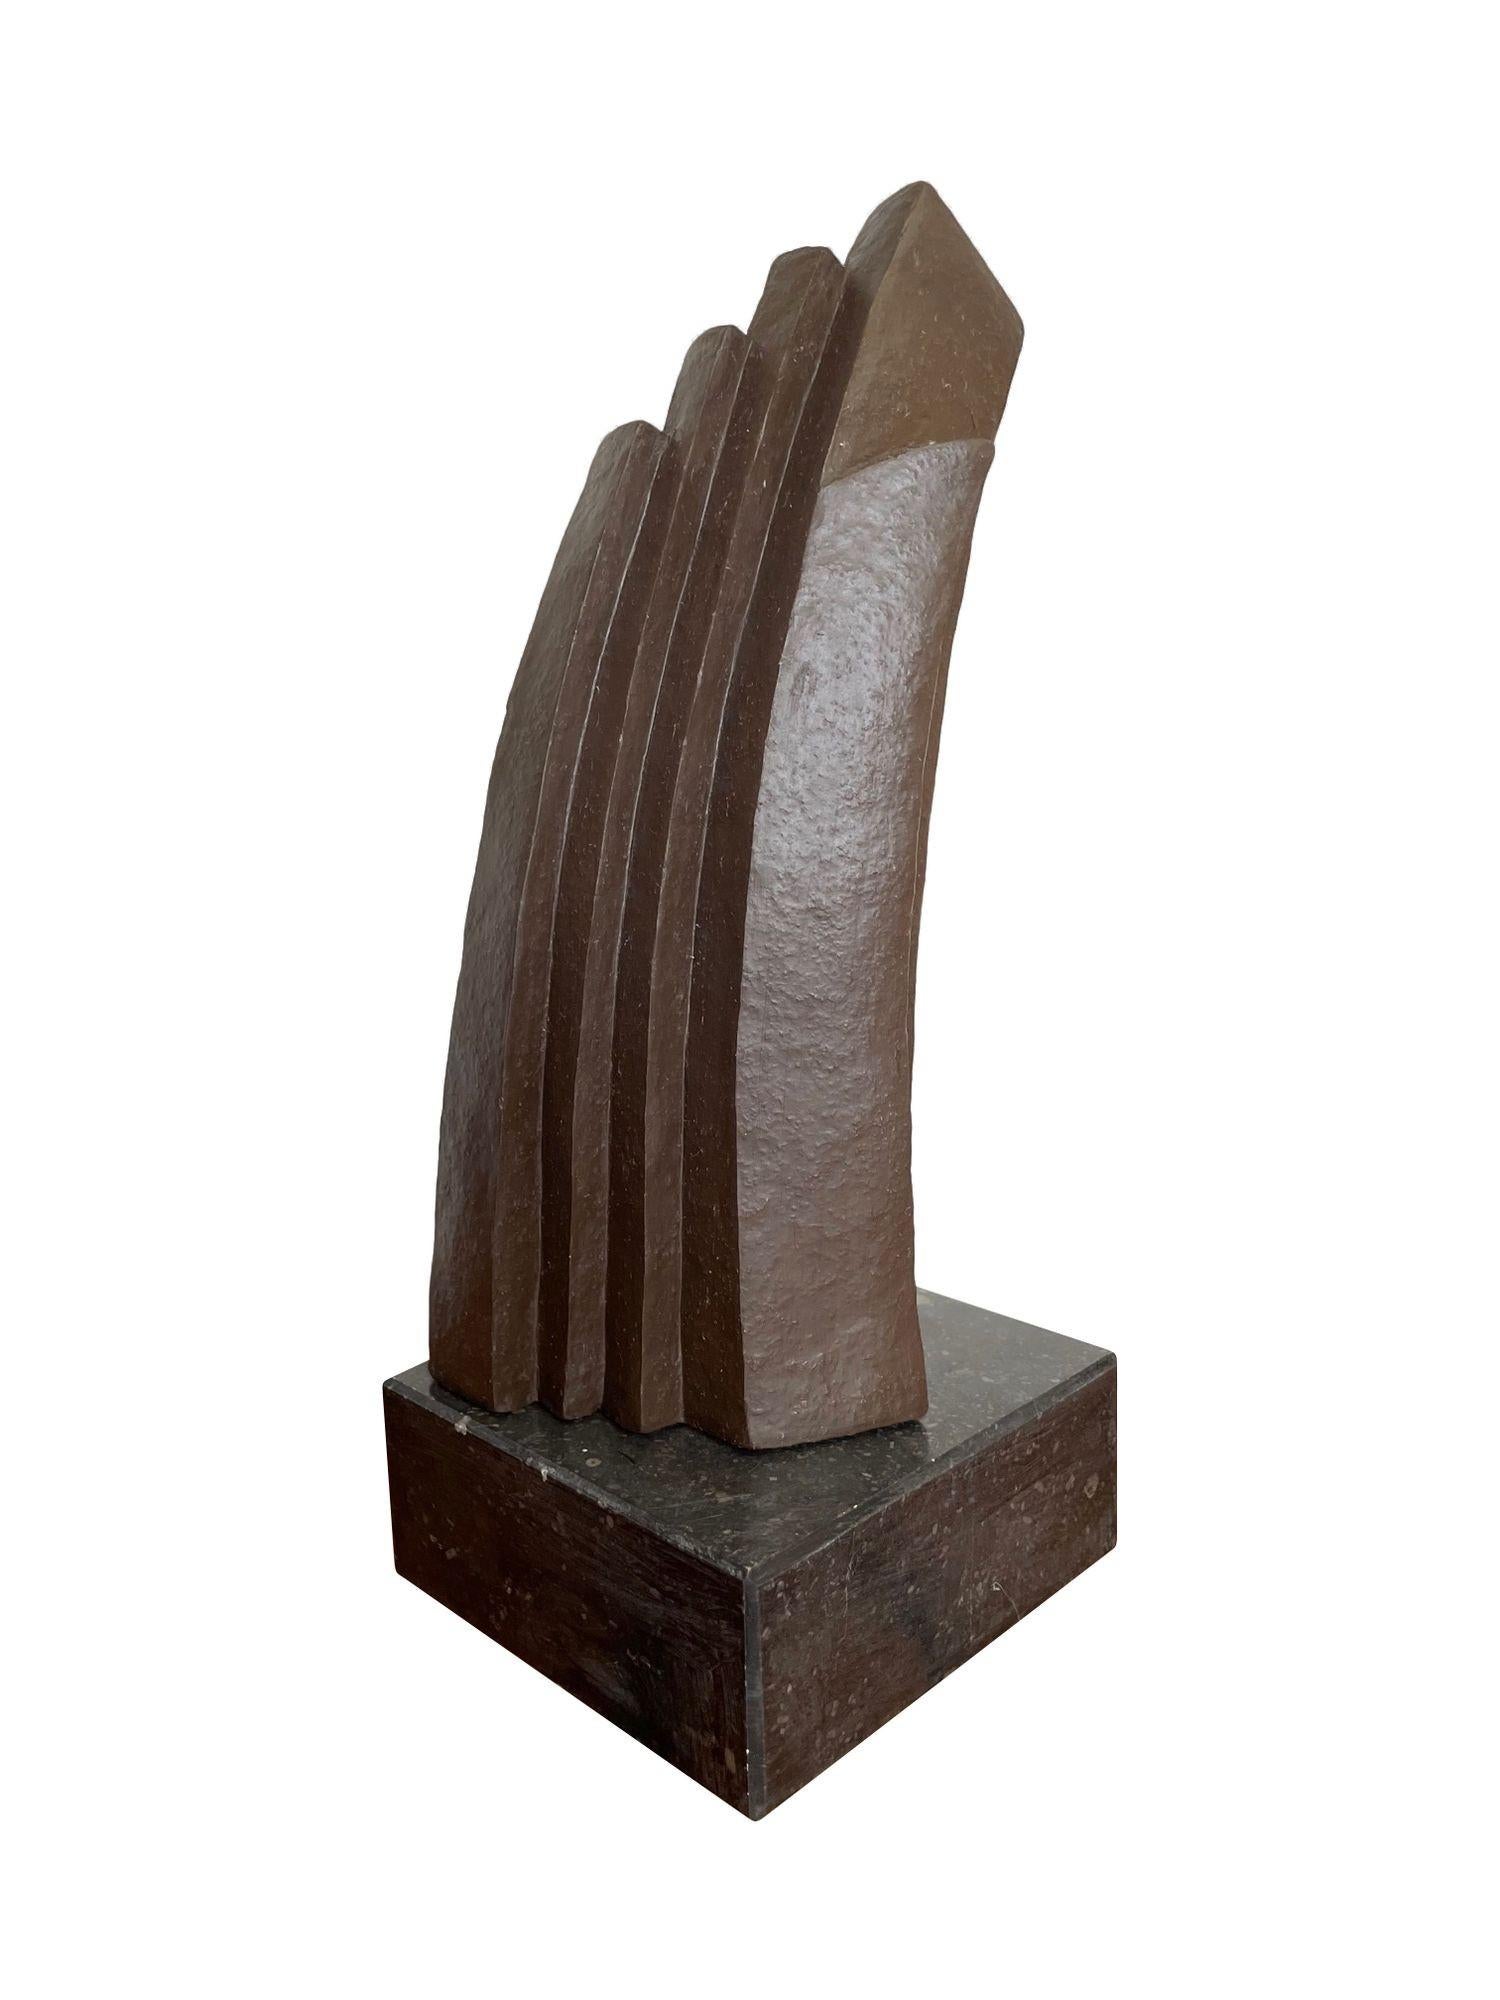 Ceramic A 1960s Belgian ceramic abstract sculpture with bronze textured finish. For Sale
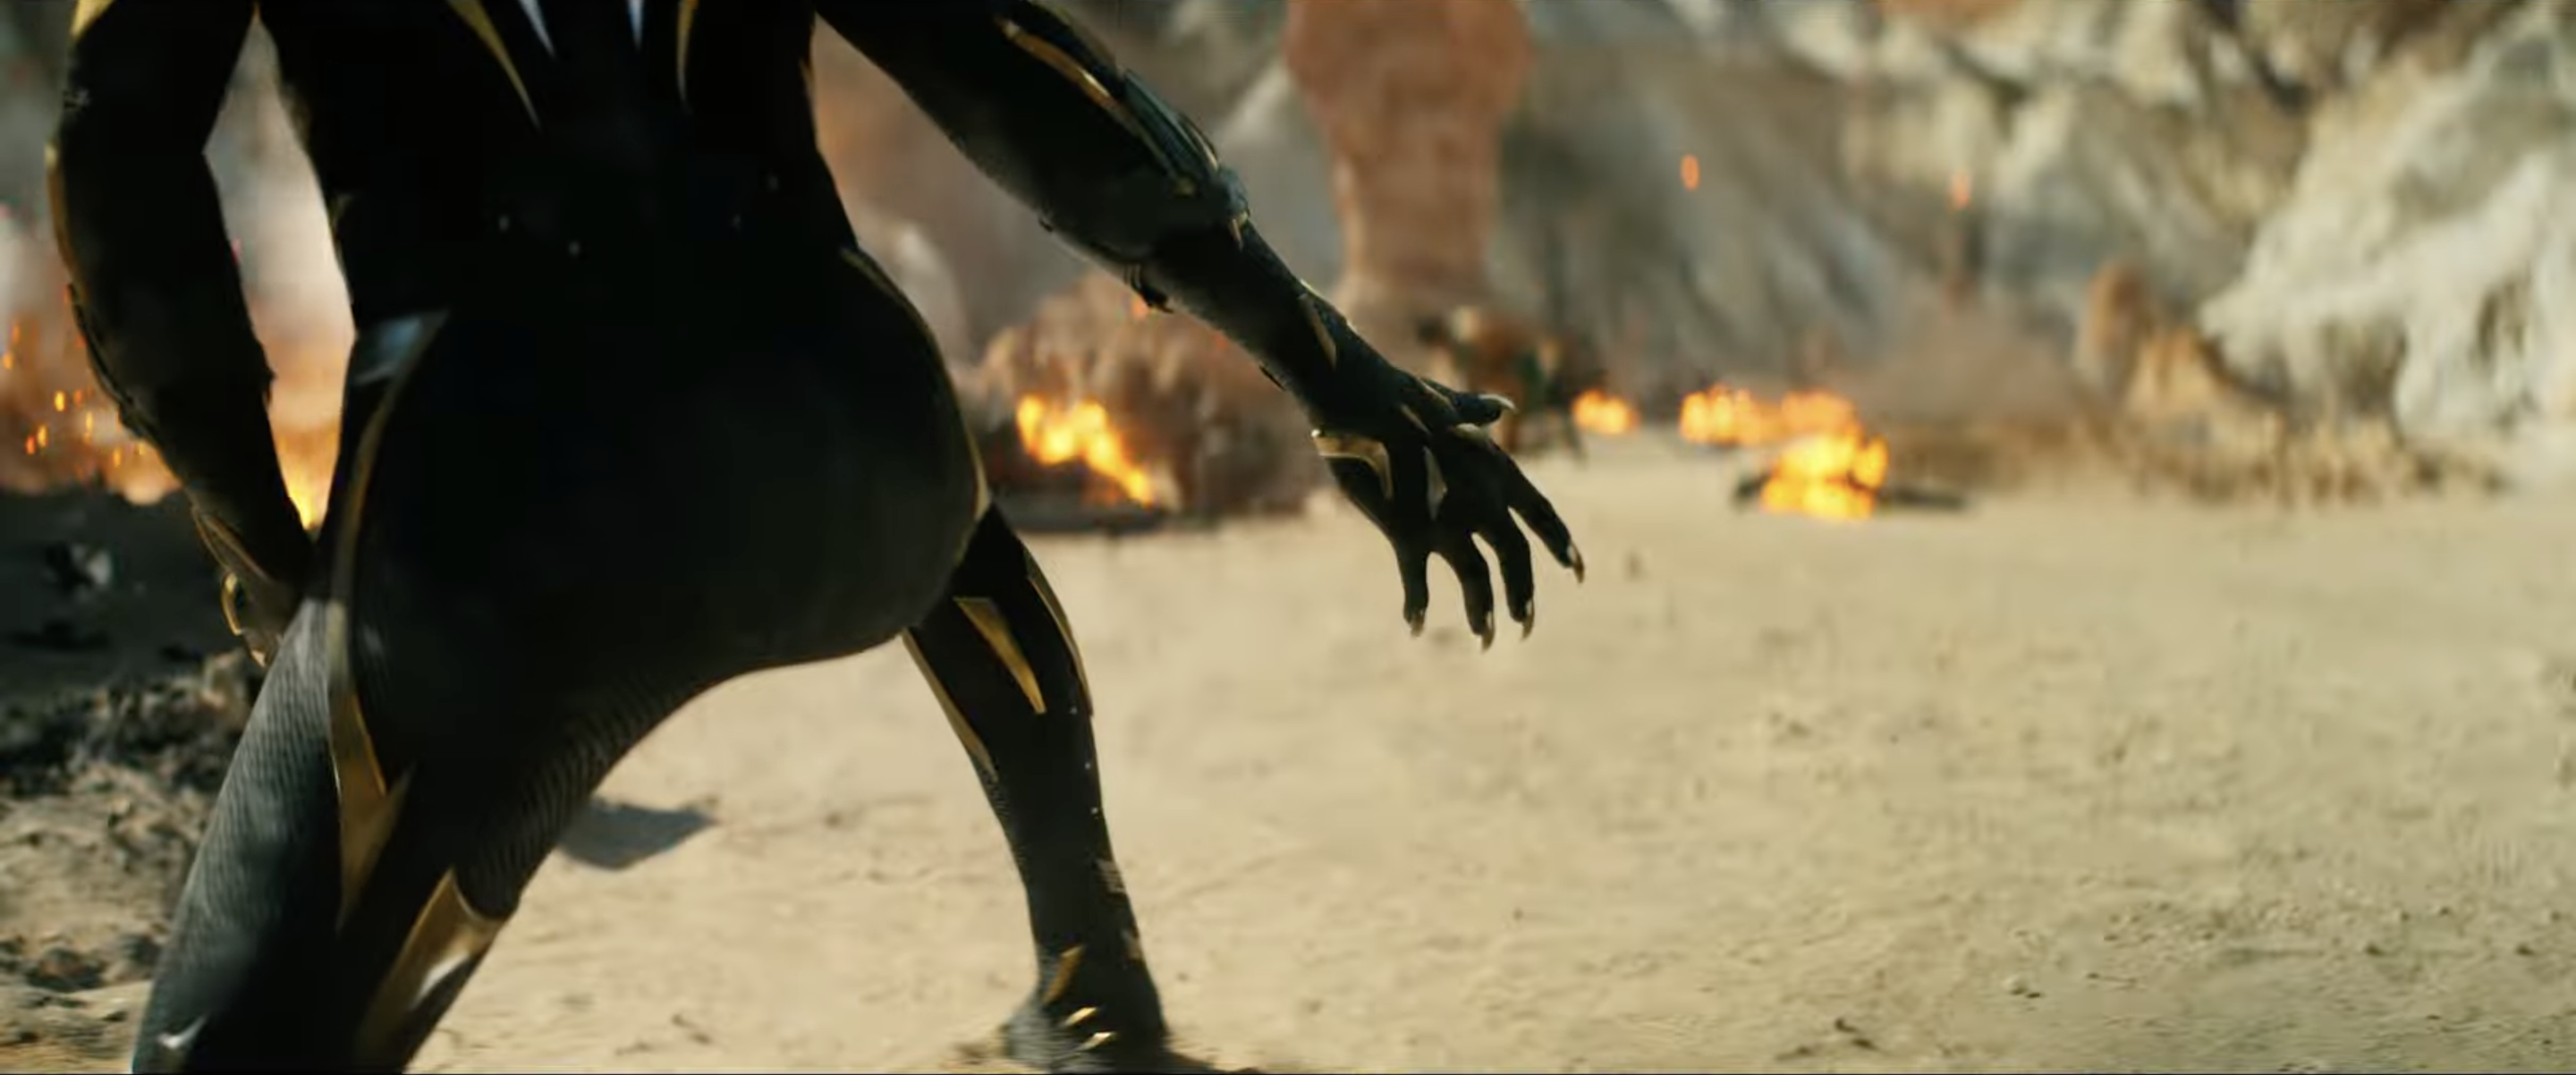 Black Panther crouching in front of an explosion and flexing claws, shot from below, with the head cut off in the image
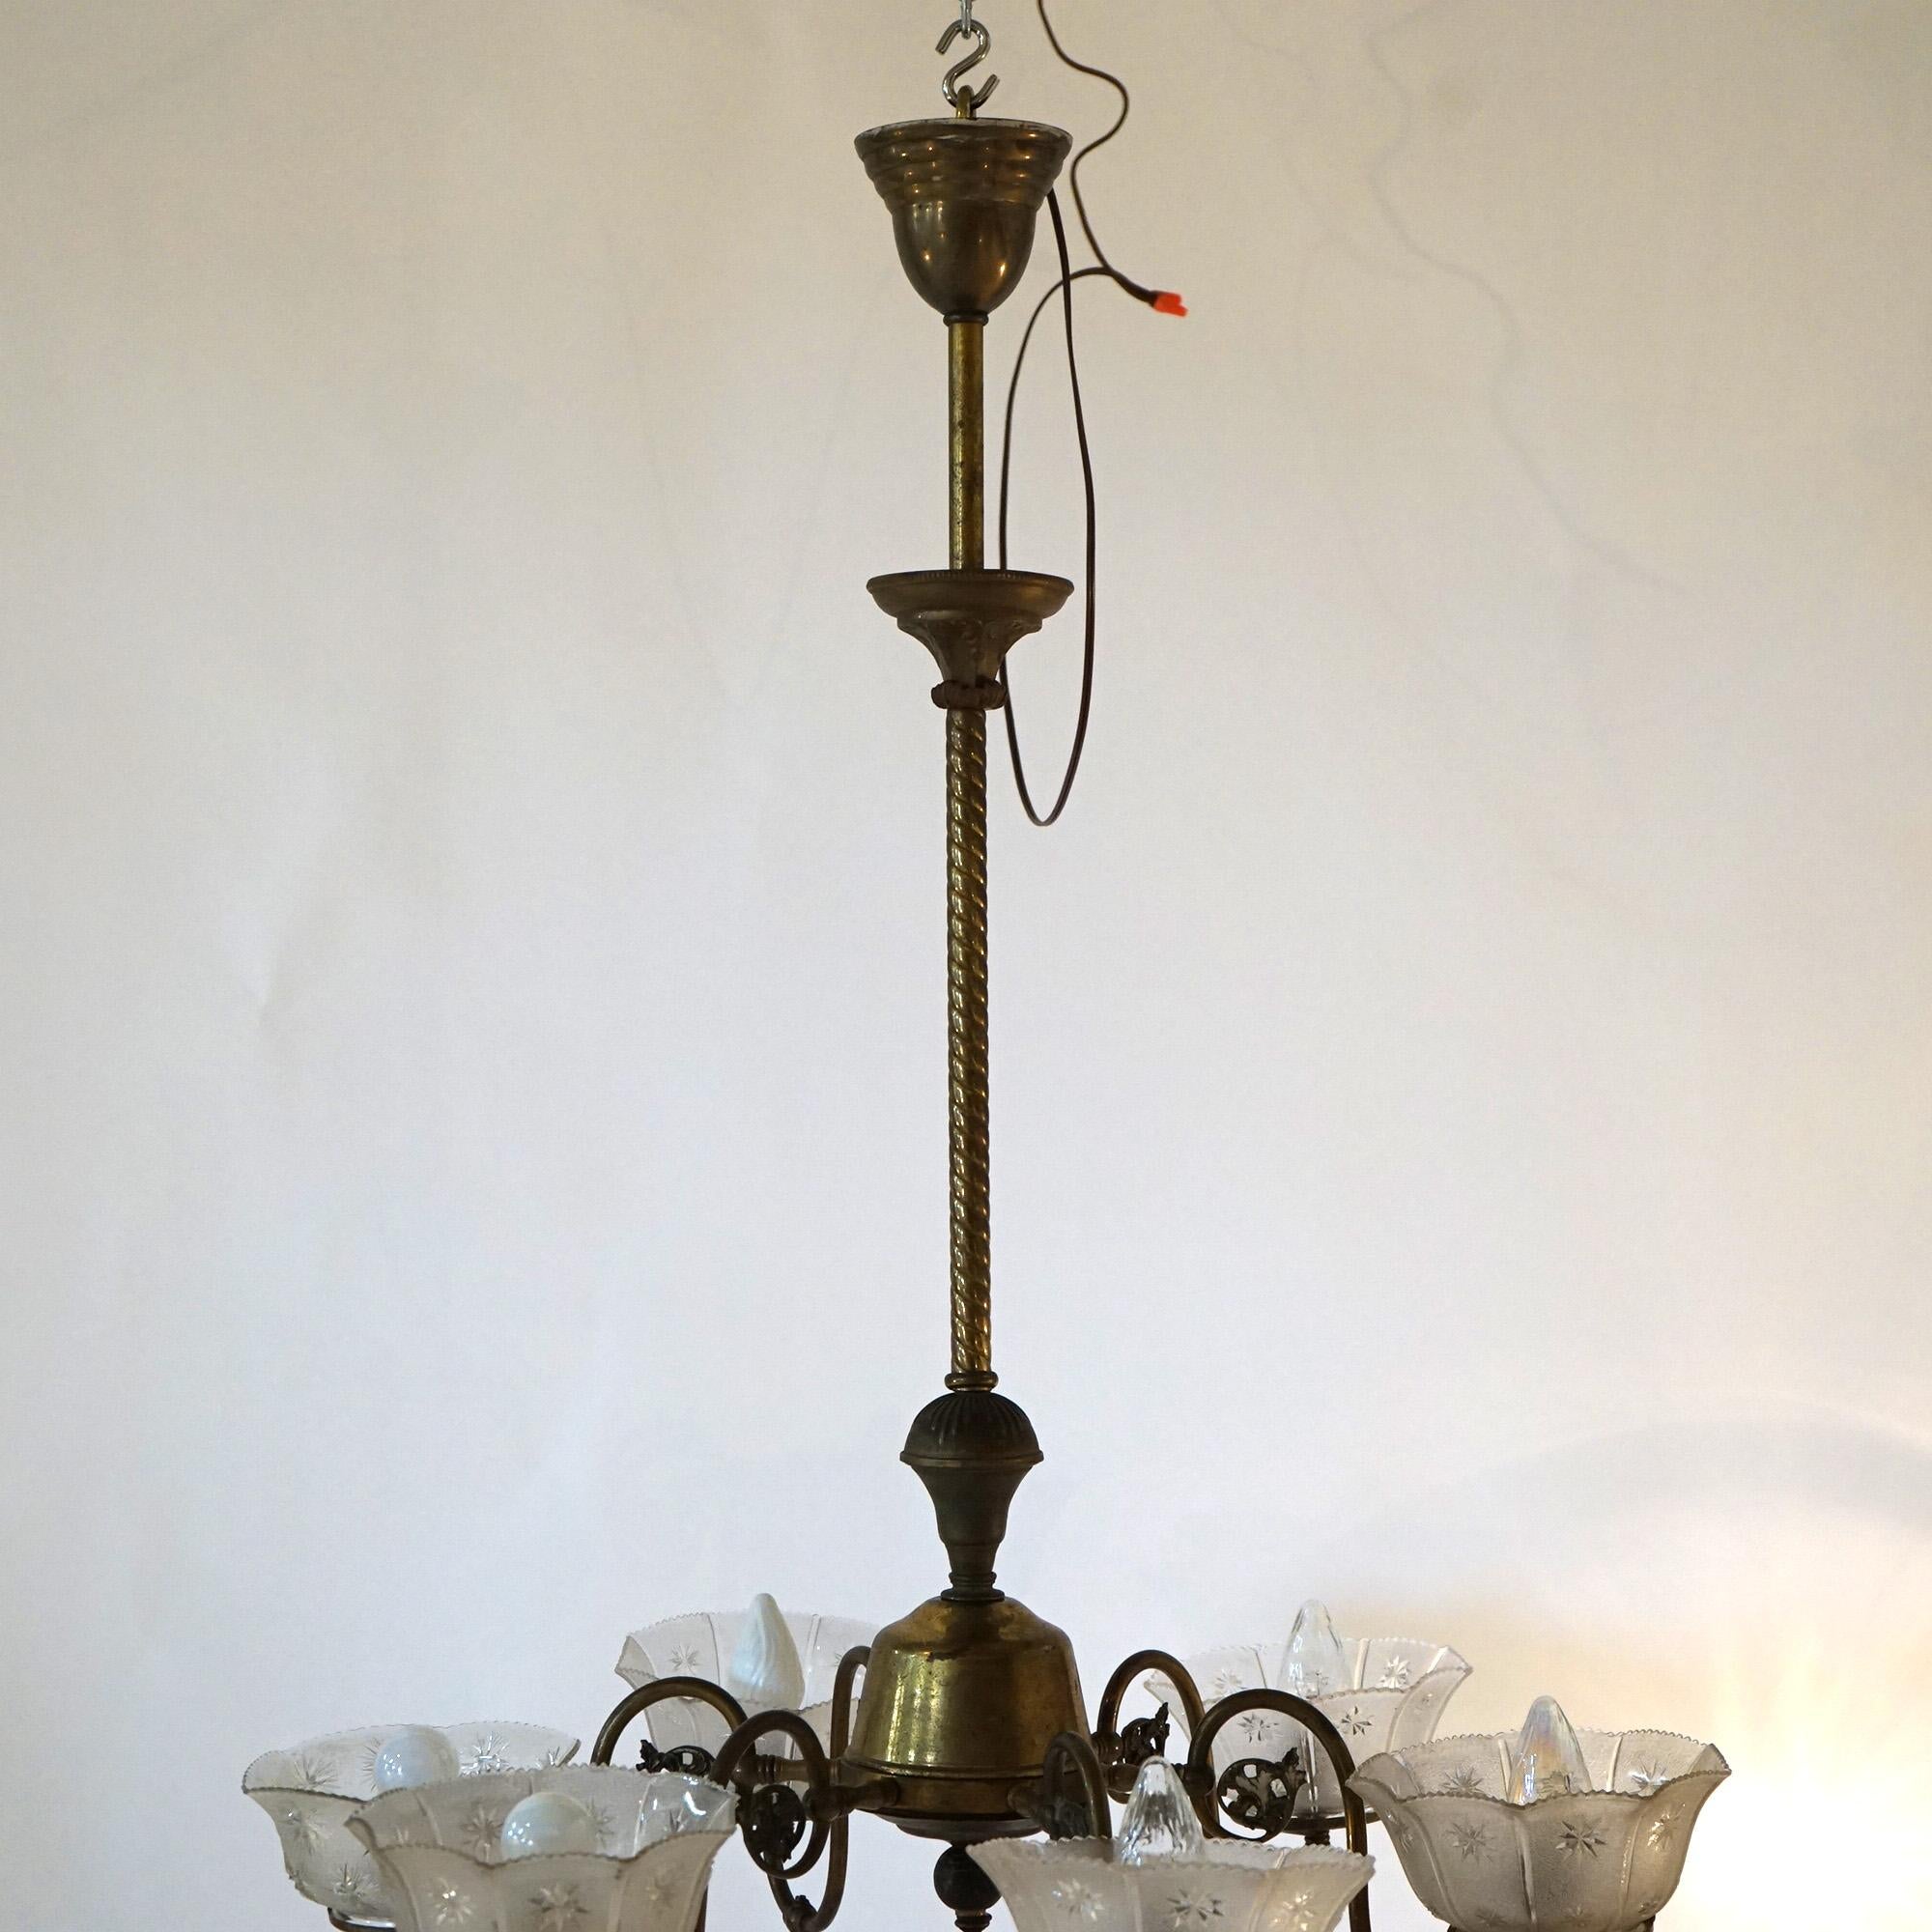 Antique Six Arm Brass Gas Chandelier with Glass Shades, Electrified, Circa 1890 12

☆ ☆ ☆

* **Task requirements**
Reproduce all of the data exactly, omitting each picture it holds.

* **Output of the task**
 Ceramic A 1960s Belgian ceramic abstract sculpture with bronze textured finish. For Sale
 Black Panther crouching in front of an explosion and flexing claws, shot from below, with the head cut off in the image
 Antique Six Arm Brass Gas Chandelier with Glass Shades, Electrified, Circa 1890 12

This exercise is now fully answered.